Higher costs and lower selling prices are expected to rob cow-calf producers in Arkansas and the rest of the nation of profits in 2008. Arkansas cow-calf producers should expect two or even three lean years ahead, said Tom Troxel, Extension professor and associate animal science department head with the University of Arkansas Division of Agriculture.

Troxel said producers could lose $30 or more per cow.

“With the recent decline in calf prices, actual losses in 2008 may be higher than $30 per cow, even though grain prices are dropping,” he said.

Cow-calf producers have experienced negative returns in only three years since 1986. Producers lost from $25 to $90 per head in 1995, 1996 and 1998, Troxel said.

Producers began liquidating cows from their herds in the spring because of high carrying costs, which included the increased cost of fertilizer, fuel and feed.

“This really has been a step in a long process that began in the fall of 2006,” Troxel explained. “Cow slaughter usually peaks in November after spring-born calves are weaned and before winter weather makes feeding hay and/or supplements necessary.”

He said that the beef industry is apparently not in a position to replace the cows going to slaughter because the July inventory of heifers being held for beef cow replacements was about 2 percent smaller than a year ago. As a result, the national cow herd should be lower Jan. 1, 2009, compared to Jan 1, 2008.

Troxel said that in the past the industry was more or less governed by an eight-year to 12-year cattle cycle in which the national herd was reduced because of lower prices, followed by a herd rebuilding phase.

“This cycle is not expected to continue this time,” Troxel said, and he noted that some economists have said the beef cattle cycle is over, and it will be replaced by a flat line.

Plunging cattle prices have also hit yearling prices hard. Prices for yearlings — 700- to 800-pound feeders — dropped by $20 per hundredweight from mid-summer through early October. This was driven by lower fed cattle prices and the cumulative effects of cattle feeding losses, according to Troxel.

Cattle feeders have lost $25 to nearly $175 per head over the past year to year and a half.

“Lower yearling prices pressured calf (400- to 500-pound) prices,” Troxel said. Calves are what the majority of Arkansas cow-calf producers sell. Prices, however, have rebounded a bit in recent weeks due to excellent wheat pasture conditions in the nation’s High Plains.”

A lower beef supply will drive prices back up for producers and consumers, Troxel predicted.

“But it’s going to be a while for higher prices to take hold,” he said. Cows going to slaughter now had a calf last spring, and those calves won’t get through feedyards until late 2009 or early 2010.

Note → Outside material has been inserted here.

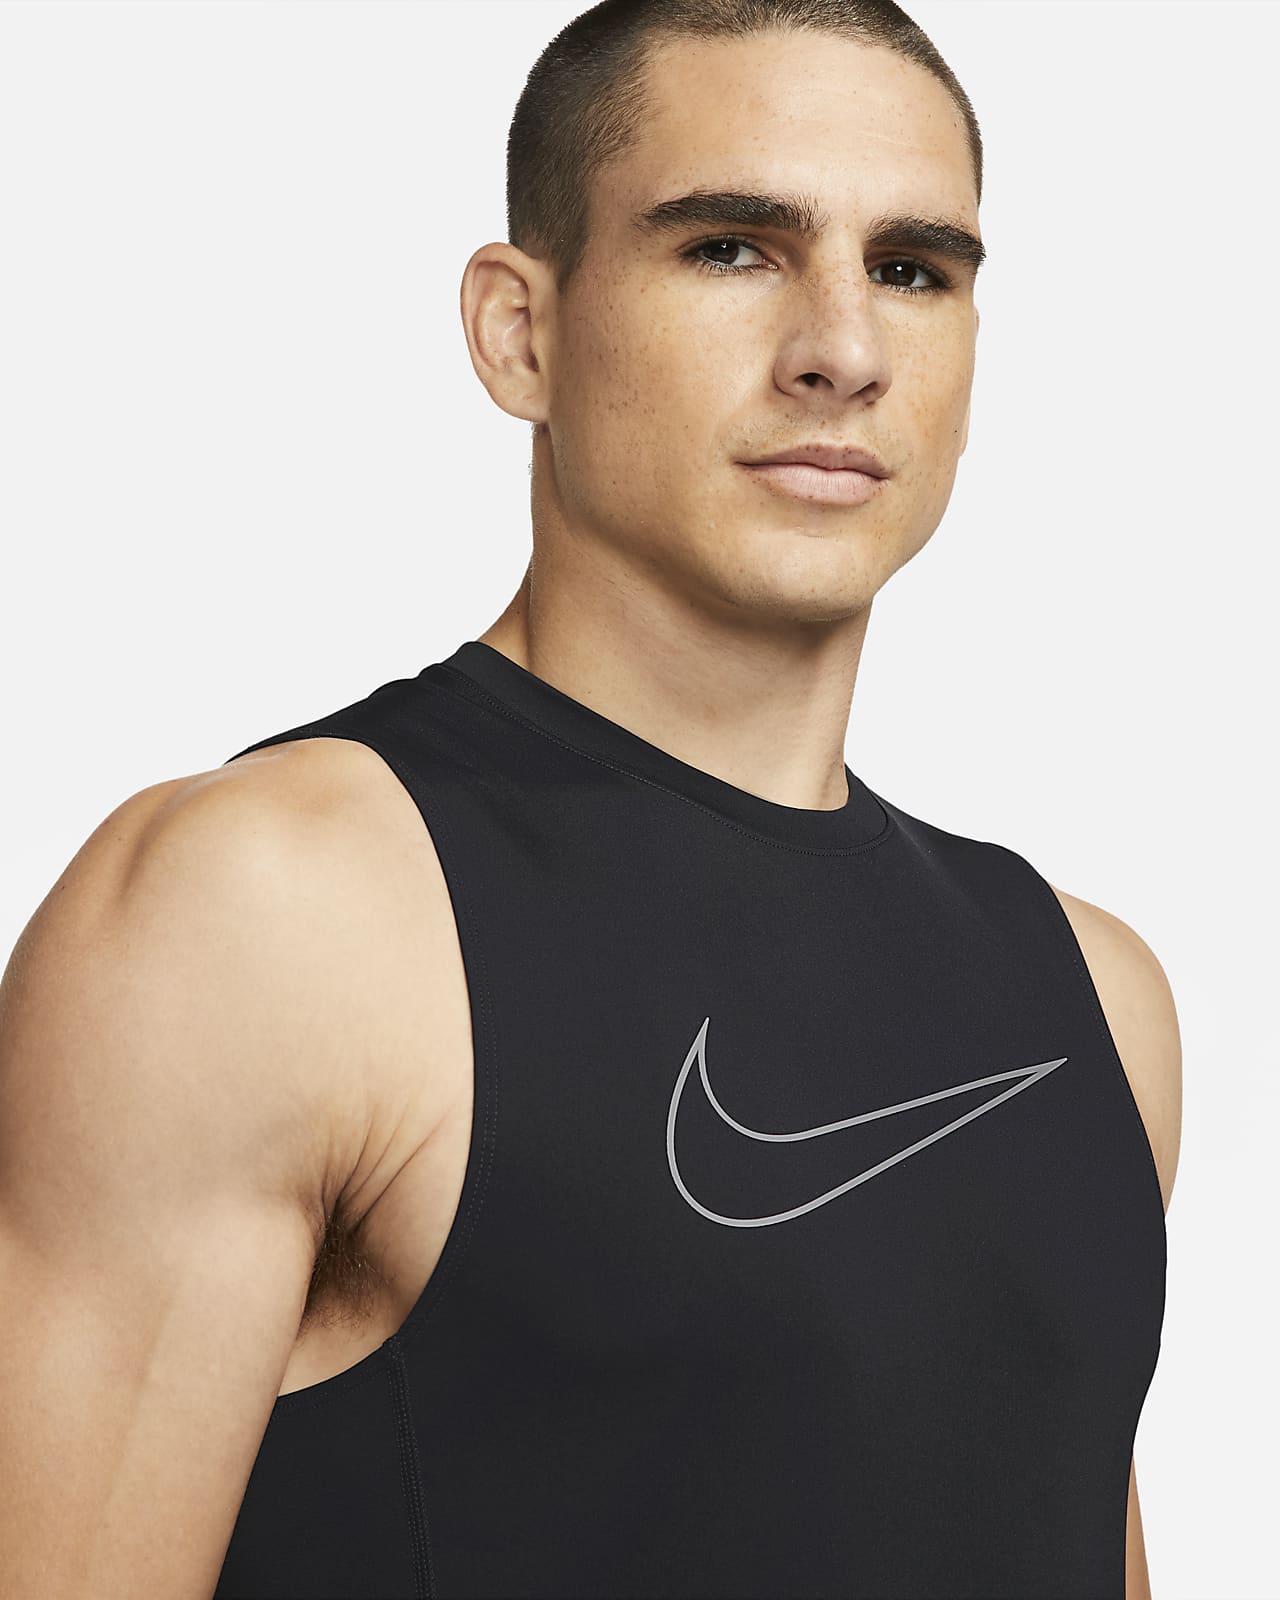 rijkdom holte mozaïek Nike Pro Dri-FIT Men's Slim Fit Sleeveless Top. Nike.com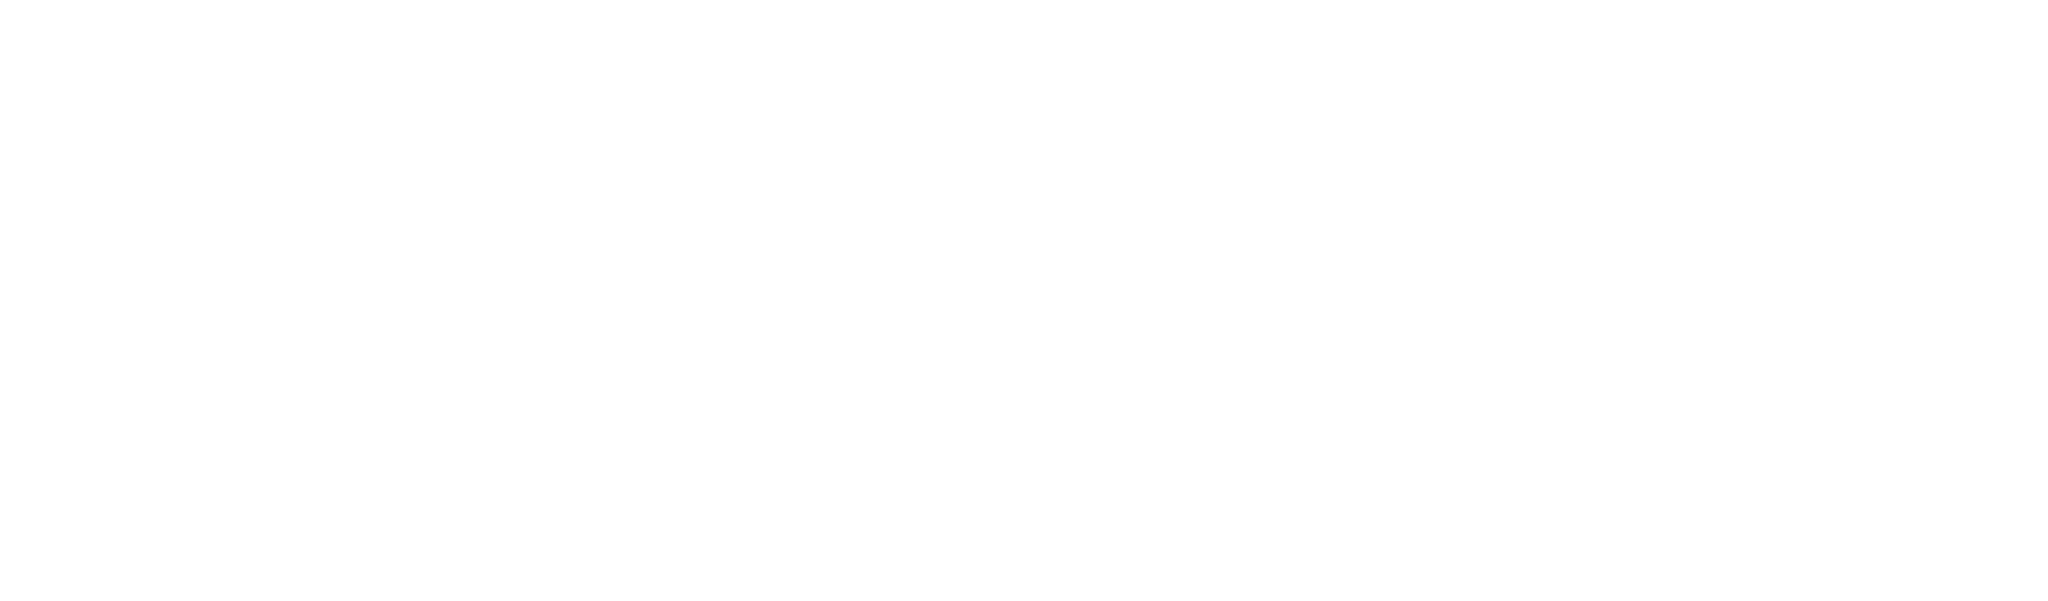 MyData 2023 Conference

How can Arkansas cow-calf producers improve their chances for profitability?

Producers have to go back to the old tried and true economic practices of keeping a sharp pencil handy and improving production efficiency by employing cost-effective management practices, according to Troxel.

“Eliminating cows that either don’t produce calves or produce inferior calves, balancing supplemental feeding programs based on a forage test, base fertilizer applications based on a soil test are just a few management tips to improve efficiency,” Troxel said.

He said producers also have to make critical decisions about when calves are sold and at what weight.

“Marketing has always been important to cattle producers,” he said, “but it will become even more important during the next few years.”